5. The contract could be terminated in accordance with art. 9 of the contract, which read as follows:
“This Agreement becomes invalid at the end of the abovementioned period, by means of mutual termination, or cancellation or termination by Arbitral Tribunal of the Croatian Football Federation. The Coach agrees to mutual termination of the Agreement in case the Club qualifies for the competition which, according to the rules of the Croatian Football Federation (hereafter: HNS), requires that the job described in this Agreement be done by a coach with higher professional education than this Coach. In such a case, the Club is obliged, unless the contracting parties agree differently, to pay the Coach 25% of the amount which would have been paid out to the Coach until the expiration of the Agreement. “
In case the Club should get relegated to a county level of competition, this Agreement shall be mutually terminated and the Club would be obliged only to fulfil the obligations that were due before the moment of termination.
The Club has the right to unilateral termination of the Agreement, in which case the Coach has no right to any kind of reimbursement.”
6. As to the competence, art. 11 of the contract stipulated the following:
The contracting parties shall resolve all possible disputes amicably, otherwise they agree on the jurisdiction of the Arbitral Tribunal of HNS.
7. On 12 March 2020, the Croatian Football Federation suspended all competitions in view of the COVID-19 pandemic.
8. On an unspecified date, the club informed its staff of a decision of its Board dated 24 March 2020 in order to tackle the covid-19 crisis and by means of which it was decided the following with immediate effect: “Players and coaches will have their salaries paid out the following way: one third of their salaries will be paid out regularly, one third shall be paid out within six months from the date of the next official match played by GNK Dinamo, one third of the salaries will not be paid out, these measures shall come into force immediately and last until 30 September 2020.”
9. On 25 March 2020, the coach wrote to the club, stating that he did not agree with the decision which “was taken unilaterally without any agreement with me; therefore, such a decision cannot and should not have any legal effect on my contractual relation to the Club”. In this context, the coach asked the club to meet its contractual obligations.
10. On the same day, i.e. 26 March 2020, the club informed the coach of its decision to unilaterally terminate the contract pursuant to art. 9 par. 4 of the contract.
11. According to said decision, the club indicated that “up until the day of unilateral termination of the agreement, GNK Dinamo Zagreb paid all invoices based on the Agreement on Professional Coaching from 1 June 2019 in a timely manner to Coach Rene Poms” and that the coach “has no right to financial reimbursement in accordance with Article 9, paragraph 4”. In particular, the club invoked the following reason for the termination: “Due to all mentioned facts and in order for GNK Dinamo Zagreb to secure future operations in the time of an unexpected and unpredictable event (caused by the outbreak of the Coronavirus Covid-19) by rationalising costs (…)”.
12. On 6 April 2020, the coach reminded the club that his salary for March 2020 had not been paid, in particular that “I was asked to cancel the invoice for my monthly salary for March and issue another one in accordance with the Club’s Decision from 24 March 2020”. Moreover, the coach deemed that the club “unilaterally terminated the abovementioned Agreement on Coaching without a valid reason”. In this respect, the coach asked for the payment of his salary of March 2020 within 15 days and warned the club that any disclosure of his earnings would be a breach of the GDPR.
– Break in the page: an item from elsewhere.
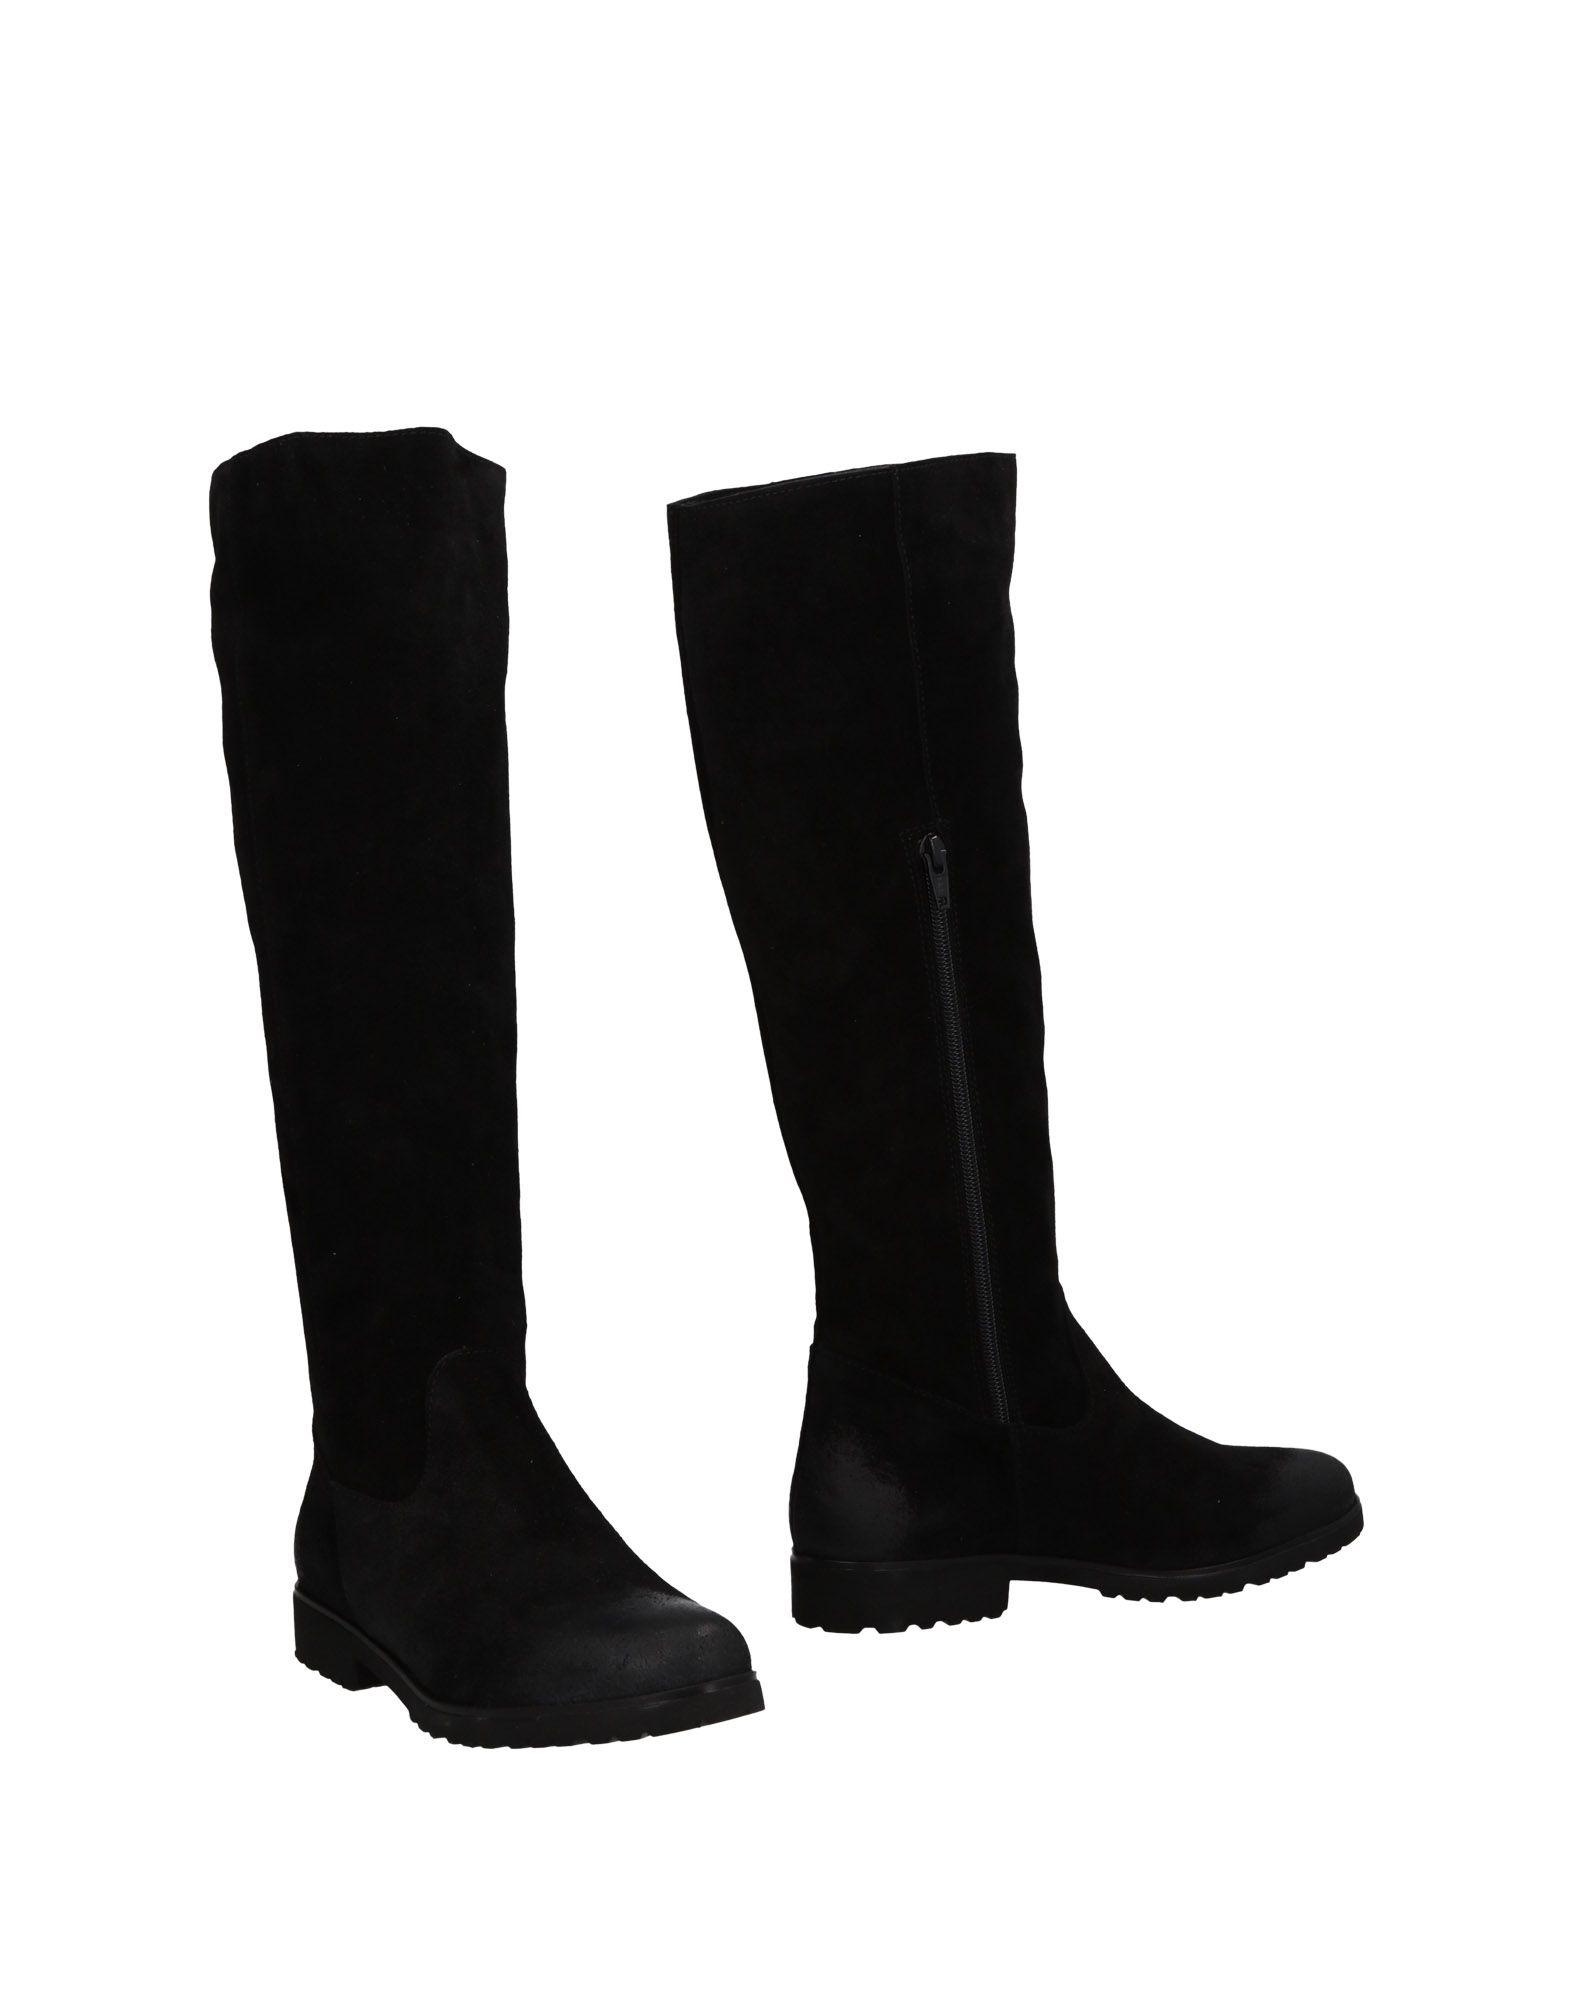 Nila & Nila Stiefel Damen  11474219PP Neue Schuhe

13. On 22 April 2020, the club replied stating that according to art. 9 para. 4 of the contract, it “had the right to unilaterally terminate the agreement with you for any reason, after which you were not granted the right to financial reimbursement”. The club argued that this type of clause is standard for coaches and that he was as such not entitled to any payment following the termination. In addition, the club argued that FIFA RSTP does not apply to coaches and that the applicable Croatian regulations allow this type of termination clauses. Finally, the club acknowledged that it “shall pay you a proportional part of your salary for March (26 days wage), which is the only amount that the Club is obliged to pay you”.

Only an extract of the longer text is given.